My very first surprise takeaway from reading Fine, Thanks is how calm and pragmatic Mary is while describing her relationship with breast cancer. How is this possible when she went went a healthy mammogram to a “cancer everywhere” magnetic resonance image less than a year later? From discovery, treatment, and recovery there is a smattering of humor, a touch of sarcasm, more than a healthy strain of emotional bravery, and yes, to be expected, anger. For the most part, she is detailed and detached in such a way that a reader can relate in the abstract if he or she has never experienced breast cancer, or nod knowingly if it has been a nightmare reality. I have to wonder how many people diagnosed with any stage of breast cancer have whispered a sage yesyesyes at every truthful, clear-headed, powerful sentence Dunnewold wrote? Even when she points out the obvious I found myself making note of my emphatic agreement. For example, it is common sense that people would pay more attention to something when it relates to them directly. The greater the relationship the more one is willing and apt to sit up and take notice. But when Dunnewold points that out it becomes something different. Yes. She writes like a storytelling river; at times a crashing torrent of yelling words and roiling feelings. At other times her words are a gentle trickle of quiet and graceful acceptance.

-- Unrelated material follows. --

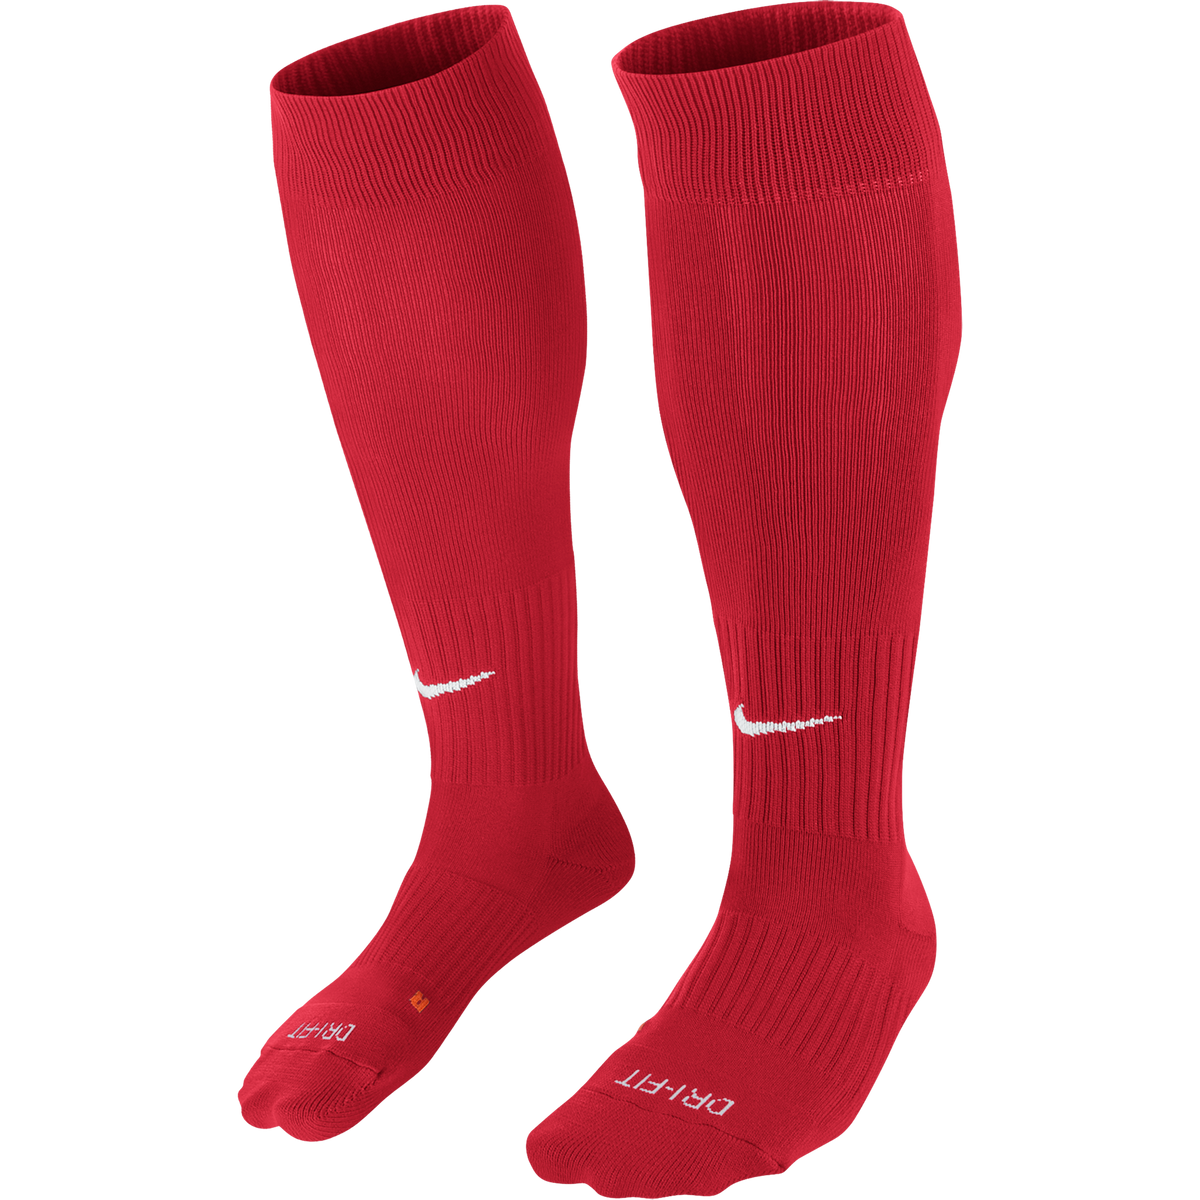 Star Soccer - Classic Socks

Confessional: My favorite moment was not the height of her bravery during diagnosis or even treatment, but rather when she ended her search for religion. Odd as that may seem, it’s true. Her viewpoint awoke something deep within me. Not in the jolting sense of an abrupt aha moment. there was no visible lightning strike. But rather in the slow dawning of discovery; the way that a patch of sunlight plods across the carpet illuminating a slight discoloration in the pile never noticed before. A subtle stain. Oh. Ohhhh…now I see. There were a few of those moments.
Second favorite part – the laugh out loud moment or as I call it, the “snort coffee out the nose” moment was when Dunnewold described the “unanticipated side effect of cancer” in conjunction with pie crust. She owes me a cup of coffee.

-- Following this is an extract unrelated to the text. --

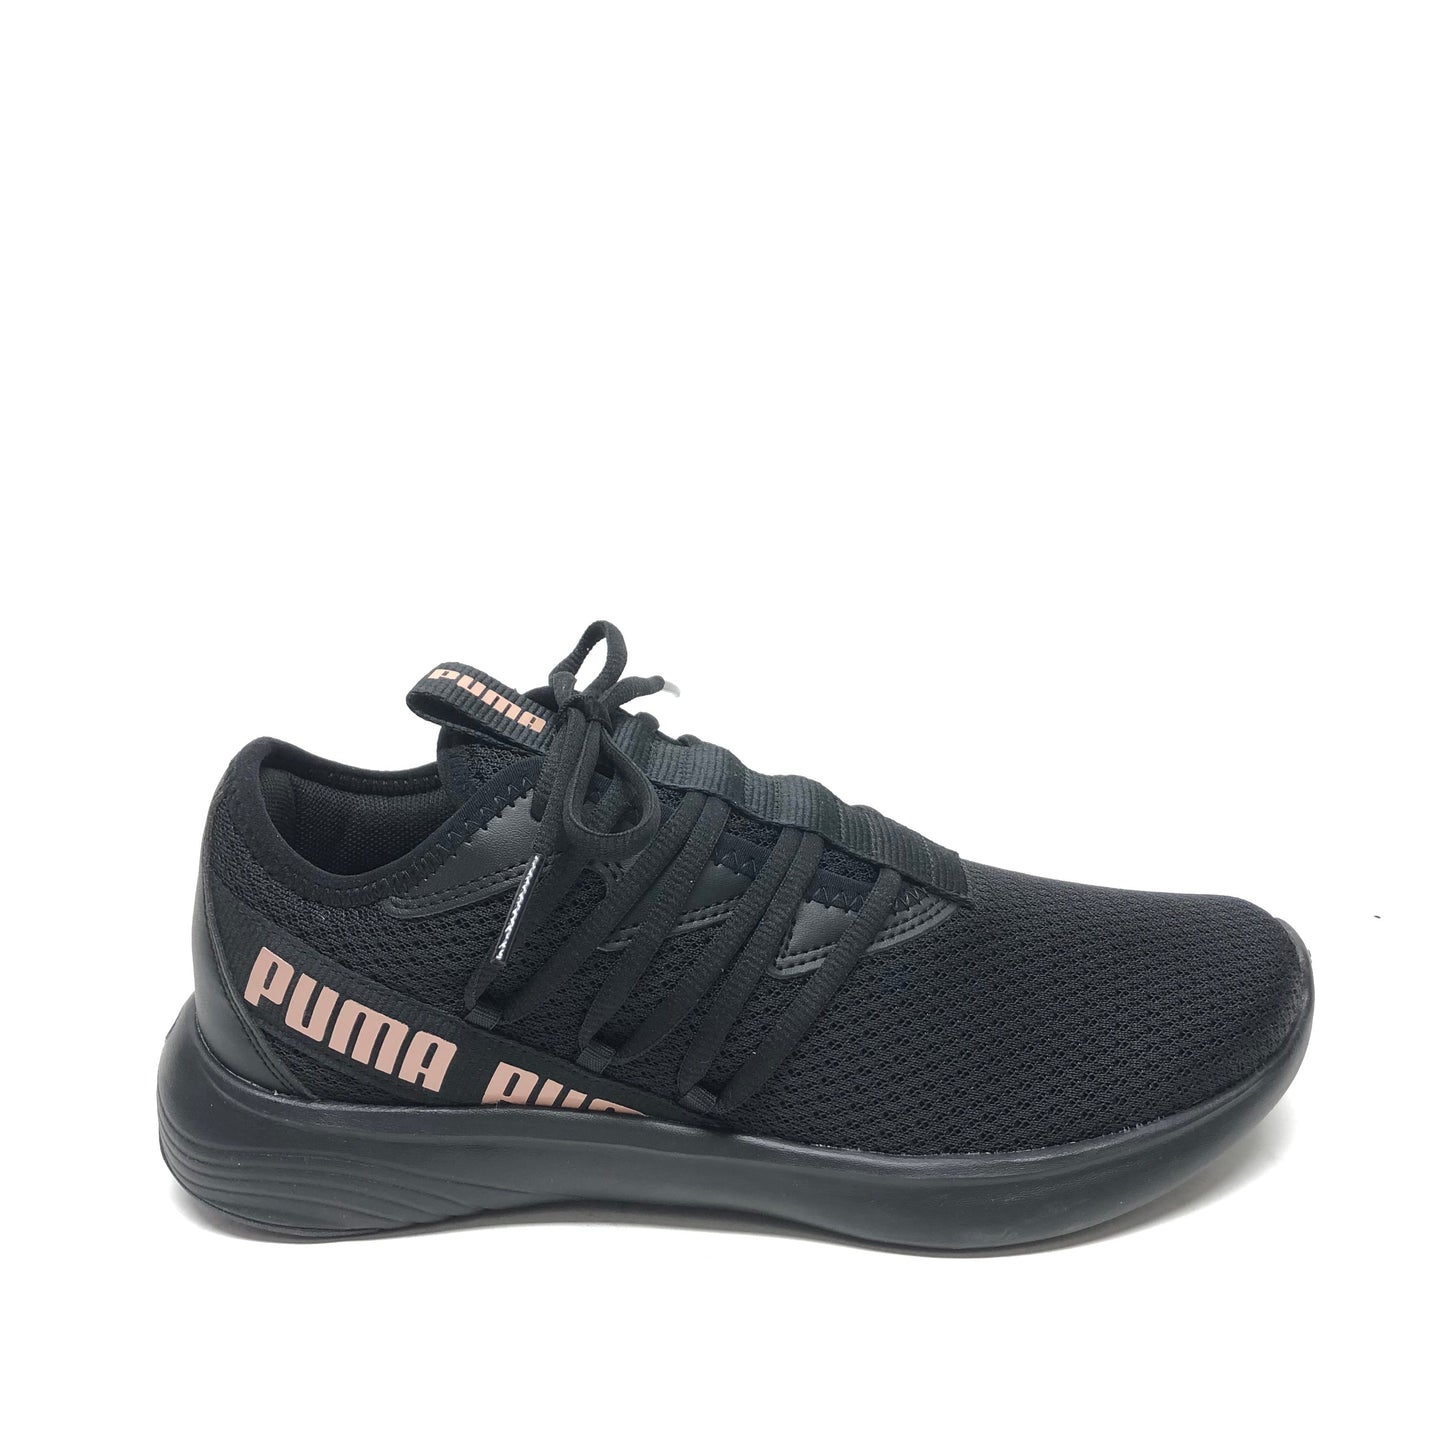 Black Shoes Athletic Puma, Size 7.5

As an aside, what is it about animals? I was f.i.n.e. with the ending of Fine, Thanks. I could close the book with a sigh of satisfaction…until I got to the epilogue. Having just helped my sister adopt a dog named Rubie…ugh.

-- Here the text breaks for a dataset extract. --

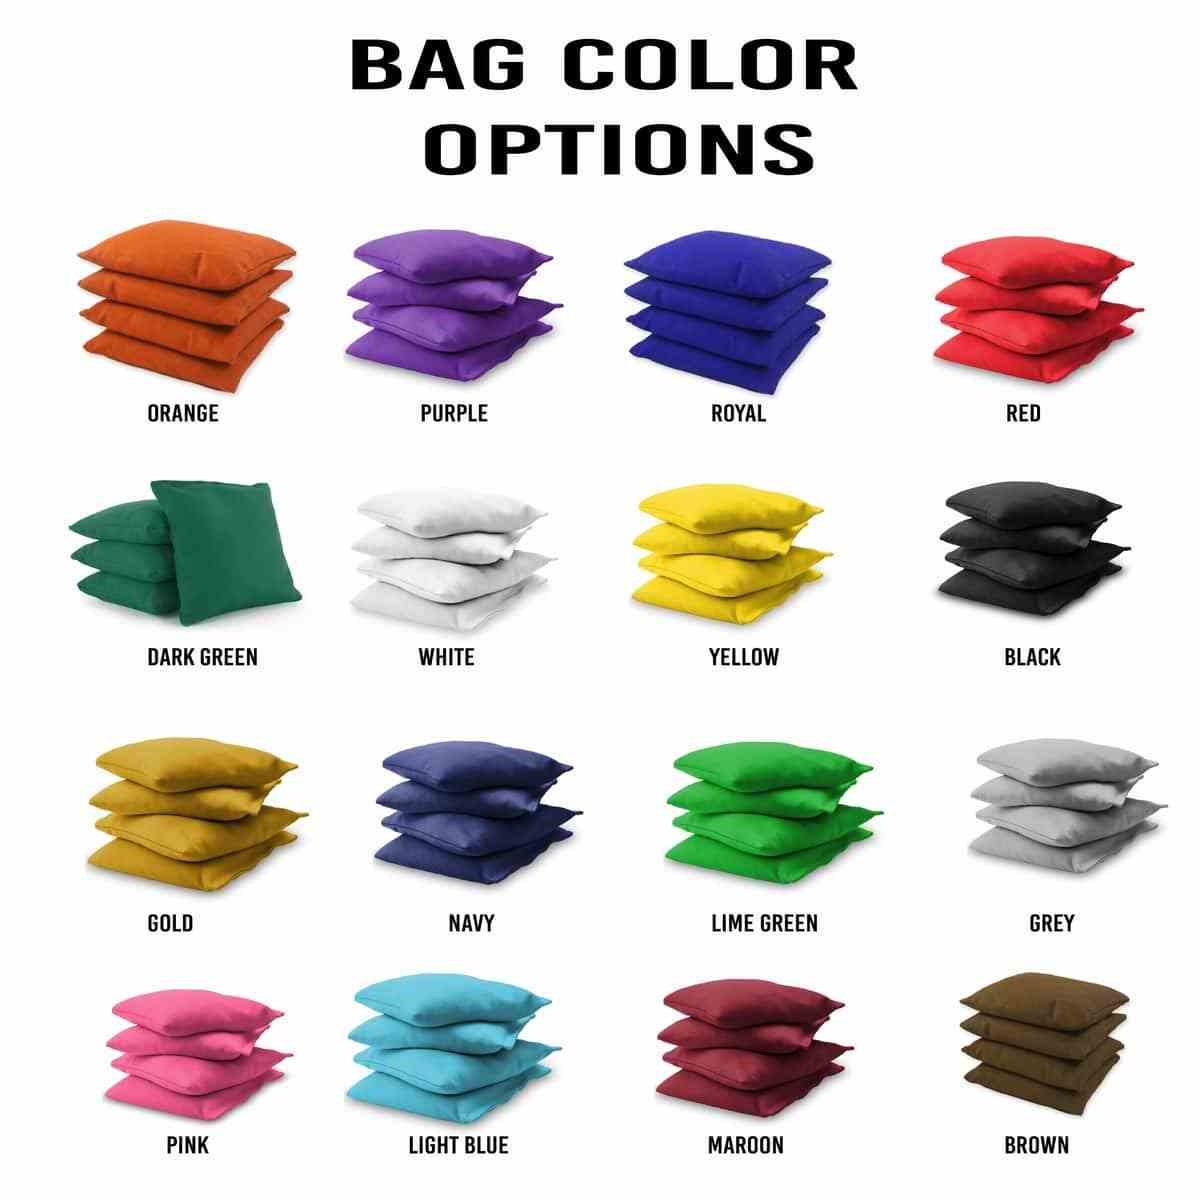 FireDance 2x4 bag colors

Te, Jonathan. The Beijing of Possibilities: Stories. New York: Other Press, 2009.
Reason read: Okay, so I have a confession. I wanted to read this in honor of January being the month for the Chinese New Year (on the 25th), but as the loan was coming from the east coast, it took an inordinate amount of time to arrive. I didn’t think I would have time to read it before January 31st, so I changed the reason to China’s Lantern Festival, which is in February. Well, to make a long story short, I finished Beijing before January 31st, so I’m back to the original reason, the new year.
Beijing of Possibilities is comprised of twelve witty, sharp, and compelling stories all taking place in contradictory Beijing. Many of the stories address the conflict between old and new. Ancient tradition clashing with modern ambition. Beijing is a hotbed of contradictions. Each character exemplifies and amplifies what happens when cultural norm meets current forward trajectory of capitalism.
The brilliant thread running through most all stories: the ancient Monkey King and the modern Olympic pride of the city.
Author fact: Tel has written other collections of short stories, none of which are on my Challenge list.
Book trivia: Quite unexpectedly I found black and white photographs in each story. What a nice surprise!
Nancy said: Pearl described the stories in Beijing of Possibilities as surreal with “Italo Calvinoist tendencies” (Book Lust To Go p 62).
BookLust Twist: from Book Lust in the chapter called “China: the Middle Kingdom” (p 60).